Despite the remarkable development of medical technology, chronic diseases such as hypertension and diabetes are still the main factors that reduce life span (Korea Ministry of Health and Welfare, 2011). Moreover, the socio-economic burden due to these chronic diseases is anticipated to increase continuously in the future. The proportion of national medical expenses in GDP is expected to increase from 6.1% in 2001 to 16.8% in 2030 (Korea National Health Insurance Corporation, 2012). Hypertension is the disease that requires the highest annual budget for its management in Korea. Especially, hypertension complications are one of the main causes to lead to fatalities (Hozawa *et al*., 2009).

Prognosis of hypertension patients depends largely on how exactly they recognize their disease condition and whether they take a suitable healthcare action (Park and Jun, 2000). However, Korean hypertension patients who exactly recognized their hypertension status were only 67.9% in 2010 (Korea Ministry of Health and Welfare, 2011). Still many hypertension patients are careless about their health conditions, although they are required to manage their diseases to prevent corresponding complications. Therefore, it would be a significant contribution to predict the risk of hypertension complications for hypertension patients using available healthcare data.

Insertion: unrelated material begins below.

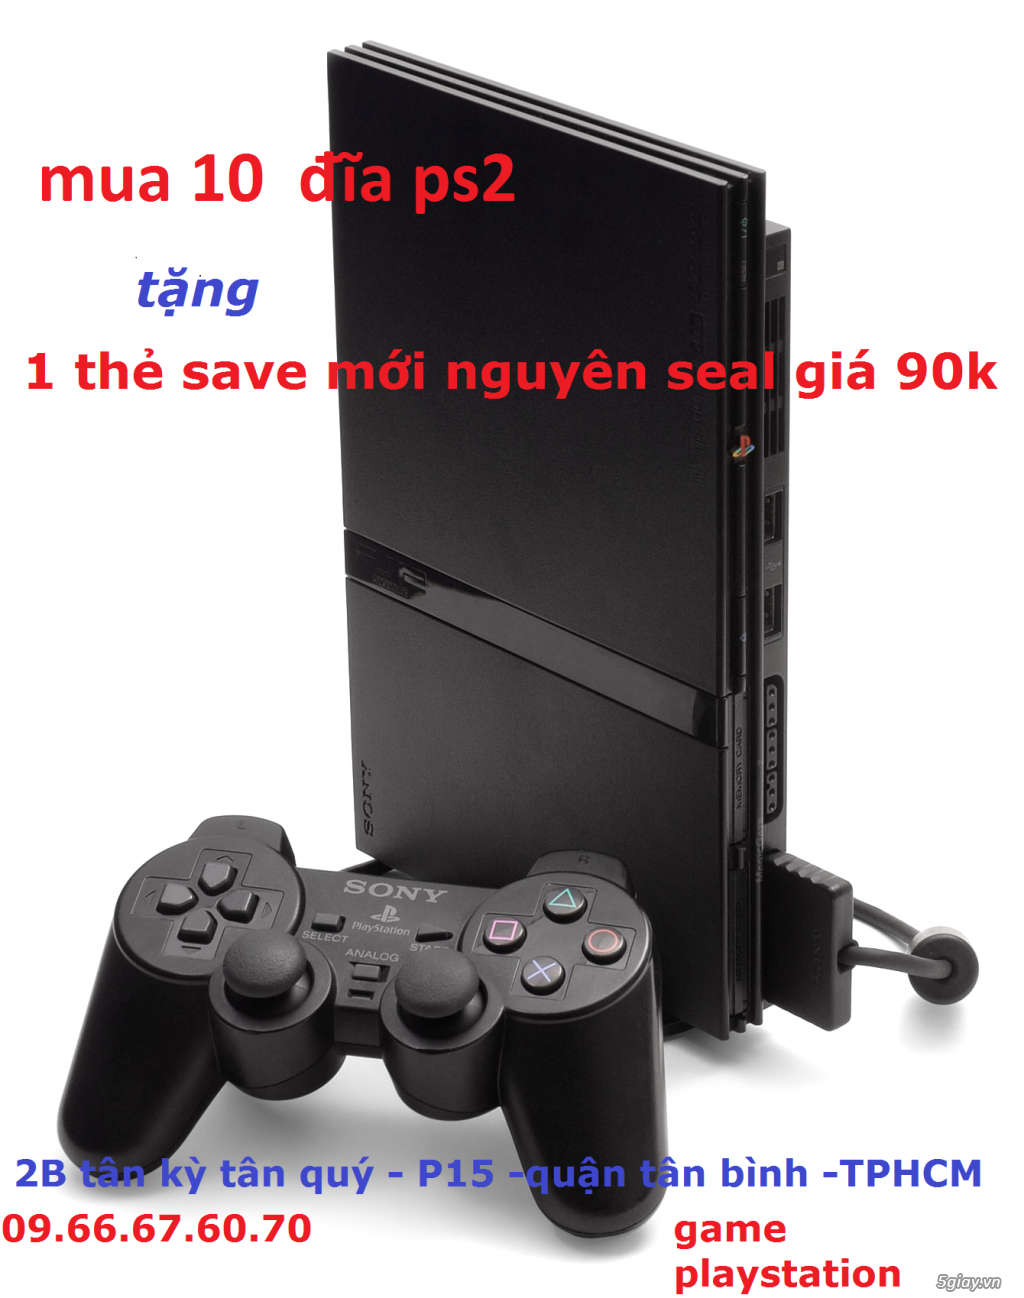 (Shop Game Playstation) Mua bán PS5/PS4/PS3/ PS2/ PS1/PSP/PSvita/Nintendo... uy tín - 5

The Korea government is opening a variety of the government data to public. As a part of the policy, Korean National Health Insurance Corporation has built the sample national healthcare database, which includes medical expenses, medical treatments and health checkup records.

In this paper, we focus on the onset of hypertension complications and construct an onset risk prediction model using the above sample national healthcare data- base. Hypertension is limited to essential (or primary) hypertension diseases and hypertension complications indicate cardiovascular diseases. Logistic regression (LR) is the most commonly used in previous research to predict the risk of diseases (Echouffo-Tcheugui *et al*., 2013). We will also use the linear discriminant analysis (LDA) and classification and regression tree (CART) in addition to LR. We will compare the prediction performance of these methods in terms of various criteria and report the hypertension complications onset rate according to major factors.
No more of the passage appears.